This Probot application can be deployed as an Azure Web App (via docker container) to automatically forward workflow log data from a GitHub org to a variety of data stores. In general the application listens for a workflow_run
event in a GitHub repository and then
- Downloads the logs for the workflow run using the GitHub REST API
- Forwards the logs to an Azure Event hub and optionally a PostgreSQL database
- Azure Stream Analytics is used to send Event Hub messages to a Power BI streaming dataset
Connection strings (and other credentials used for authentication) are stored and retrieved from Configuration Settings (e.g., environment variables) of a given Azure Web App, enabling the application to be easily configured for different environments.
Different environments support the process of shipping and vizualizing workflow log data
- GitHub hosts the Beaver application (this repository), the REST API, as well as the Organization that the GitHub App is installed on
- The infrasturcure required to recieve the GitHub App webhooks and obtain workflow logs exists in Azure and is managed with Terraform
- Data storage requirements and visualization tools can exist leveraging the Office 365 ecosystem or Open Source components
Note In order for the managed identity used by the Stream Analytics job to be able to successfully write data to the Power BI Streaming dataset (as shown above), the group ID that hosts the dataset must belong to the same Azure AD Tenant as the managed identity
It is now easier than ever to gather insights from data given the improvements in modern data visualization tools.

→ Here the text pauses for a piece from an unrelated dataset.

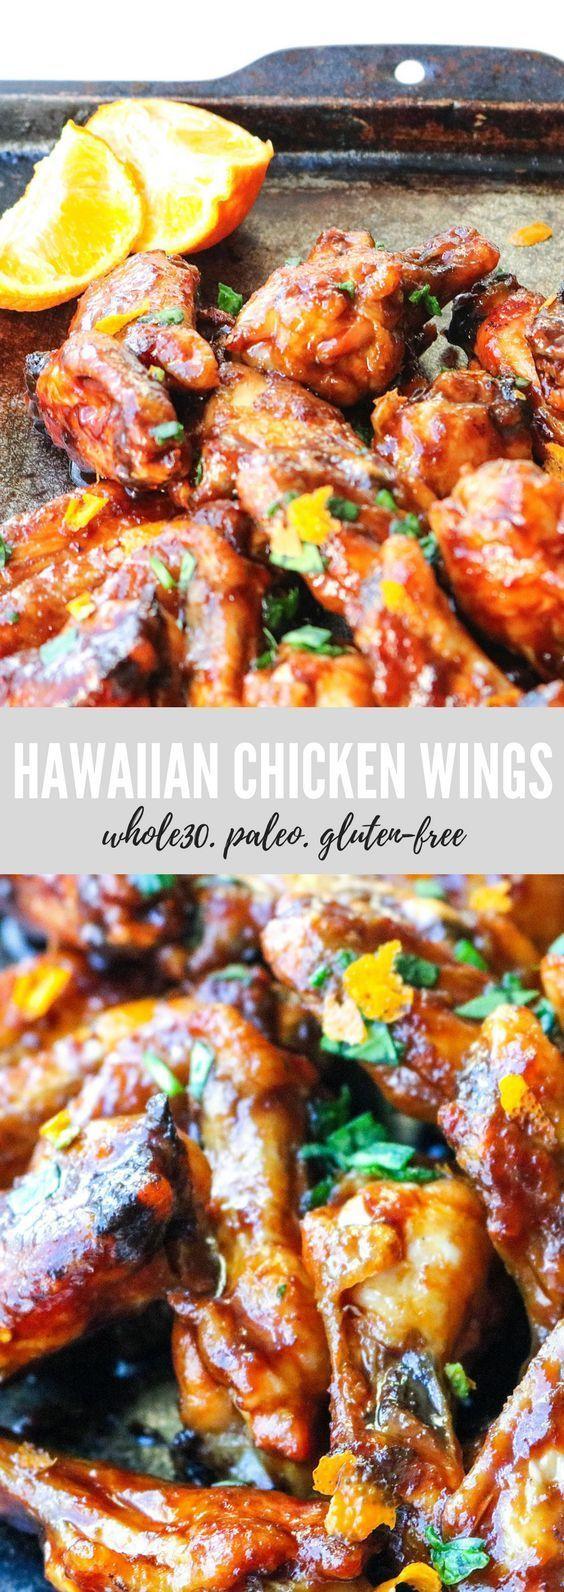 Whole30 Hawaiian Chicken Wings #hawaiianfoodrecipes
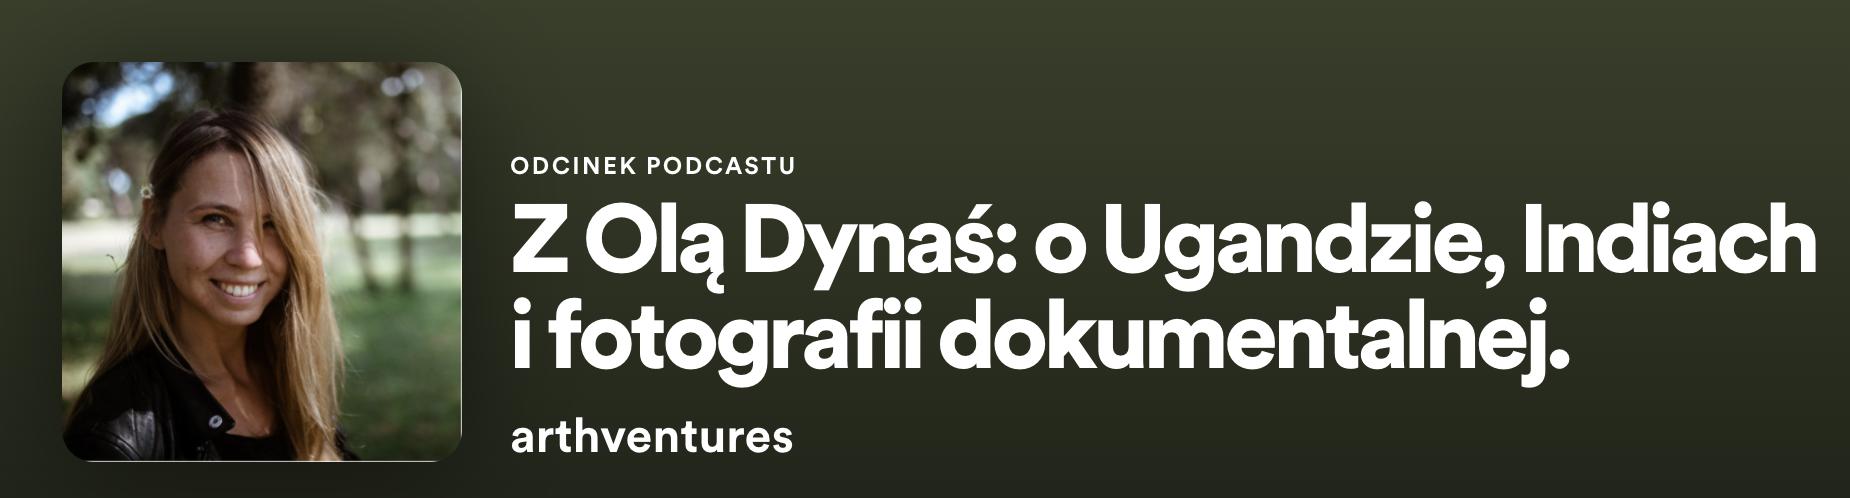 arthventures Aleksandra Dynas

However, it has historically been complex to gather, manipulate, and store large amounts of data. Especially streaming data sources, such as webhooks and CI/CD job logs. This, along with there not yet being rich features supporting the displaying of metrics and insights for Actions usage on GitHub sets the stage for a problem that is
- Large in scale
- Neglected by others
- A feasible area to make progress in
-
A GitHub App must be installed on the Organization that you wish to collect log data for
- The GitHub App name must be supplied with a name (e.g., my-org-beaver)

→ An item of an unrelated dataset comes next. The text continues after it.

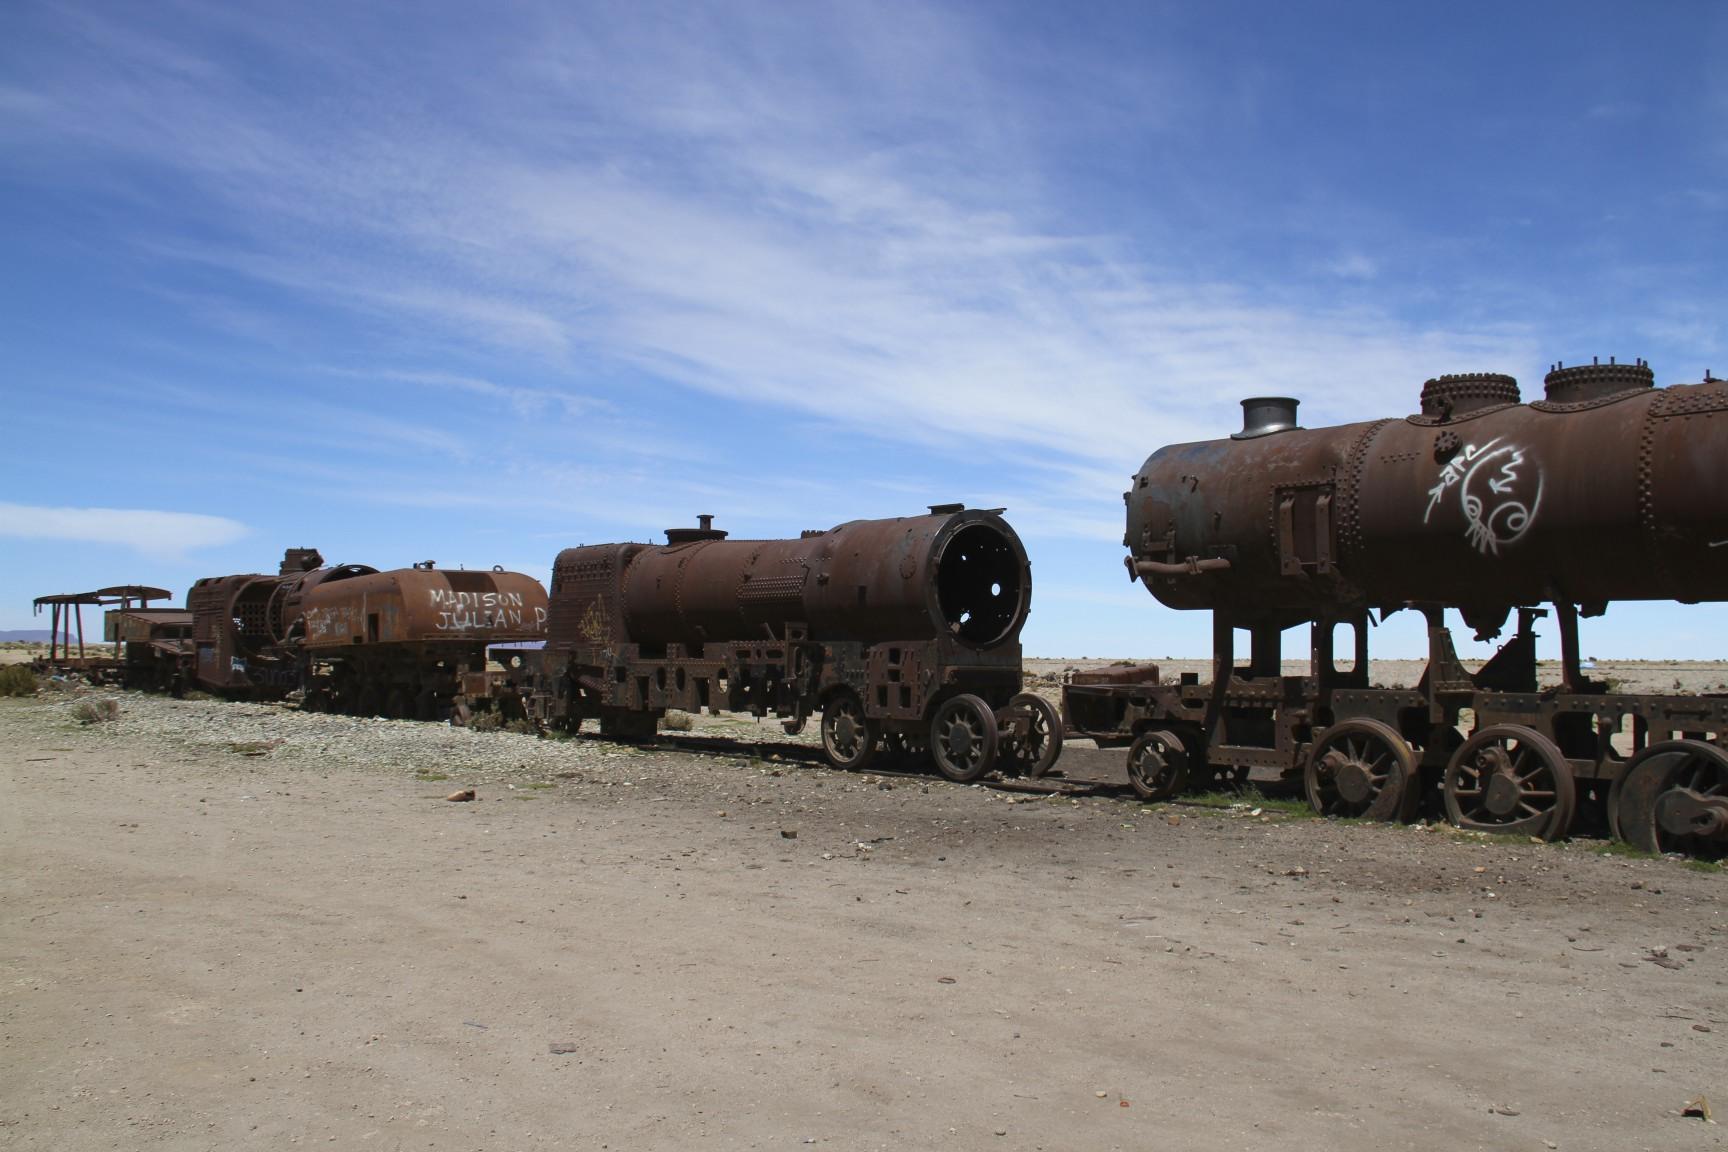 Where Trains Go To Rust Uyunis Train Cemetery on Sight Word Am

- The Homepage URL must be provided (e.g., https://github.com/octodemo/beaver )
- The initial Webhook URL must be a temporary one (e.g., https://example.com)

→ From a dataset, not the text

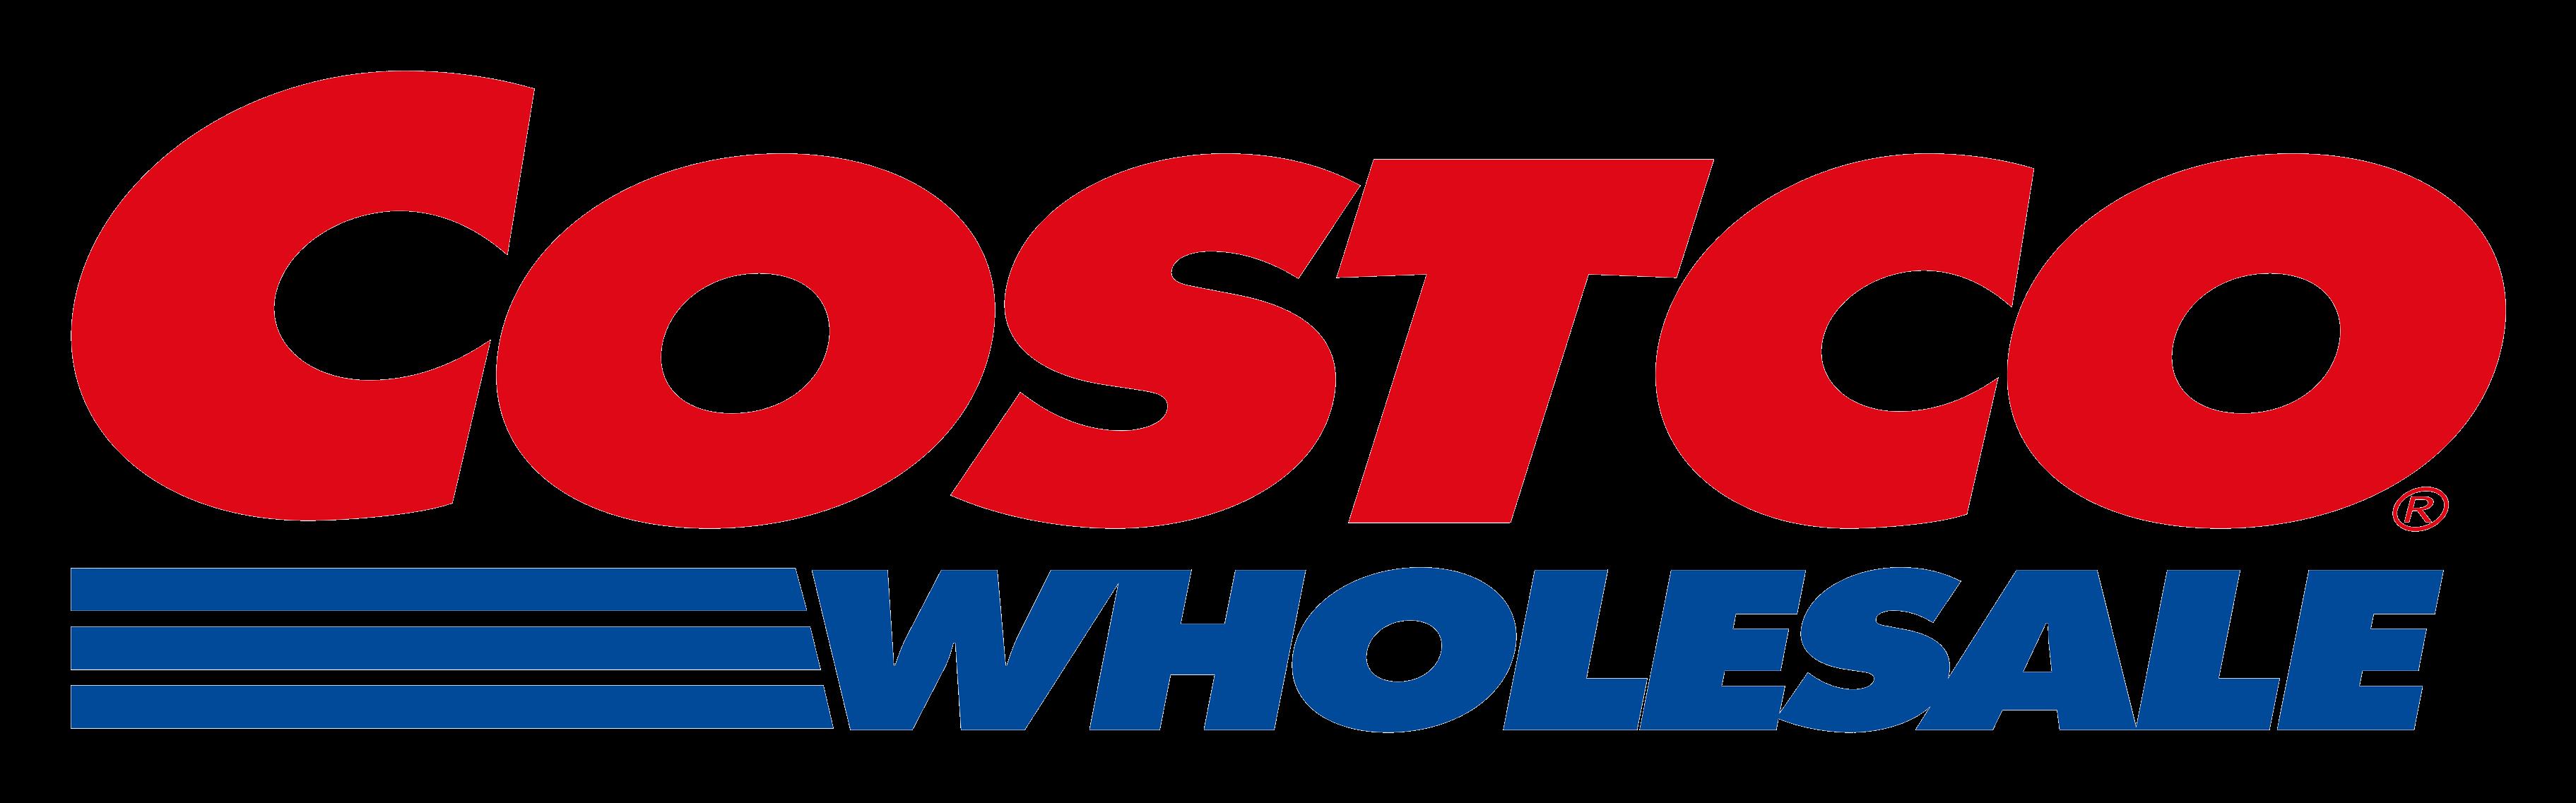 Buy online at Costco

- A Webhook secret must be generated and used
- It must have Read-only to Actions as a Repository permission
- It must be subscribed to the Workflow run event
- It should be installed Only on this account (i.e., not on Any account)
-
Generate a Private key for the GitHub App and Base64 encode the associated
.pem
filefoo@bar:~$ base64 -i oodles-noodles-beaver.YYYY-MM-DD.private-key.pem LS0tLS1CRUdJTiBSU0EgUFJJVkFURSBLRVktLS0tLQpNSUlFb3dJQkFBS0NBUUVBa2xwaVlUdEZQbG5kdWdySDNOcGlvaGNZN1ZwNTlYMkhGTjJXM jZKdHkzYkRJWTJCClpJc20rRGN5dEZNb0kxbUg3UGUvUk1CN0xuOXZLS2N5Sk1kNVRuakxwUTBZWGdCOFRlQzdTa2tHNFB3alZKWlEKK1RlN3hiQU ... ... foo@bar:~$
-
Install the GitHub App on all the repositories in the Organization
-
Create a repository to store needed configuration items and deploy required infrastructure
-
Create values the following as Repository secrets in the repository created in Step 3
- CLIENT_ID: The client ID of the Azure App Registration used to deploy infrastructure
- TENANT_ID: The tenant ID of the Azure App Registration used to deploy infrastructure
- SUBSCRIPTION_ID: The subscription ID of the Azure subscription that infrastructure is to be deployed to
- APP_ID: The GitHub App ID
- WEBHOOK_SECRET: The Webhook secret specified when creating the GitHub App
- PRIVATE_KEY: The Base64 string associated with the GitHub Apps Private key
.pem
file
Infrastructure is required to process webhook events, as well as gather and transform GitHub Actions log data. A variety of Azure services are used to provide the needed runtimes, configurations, and storage that allows for easy reporting layers to be integrated.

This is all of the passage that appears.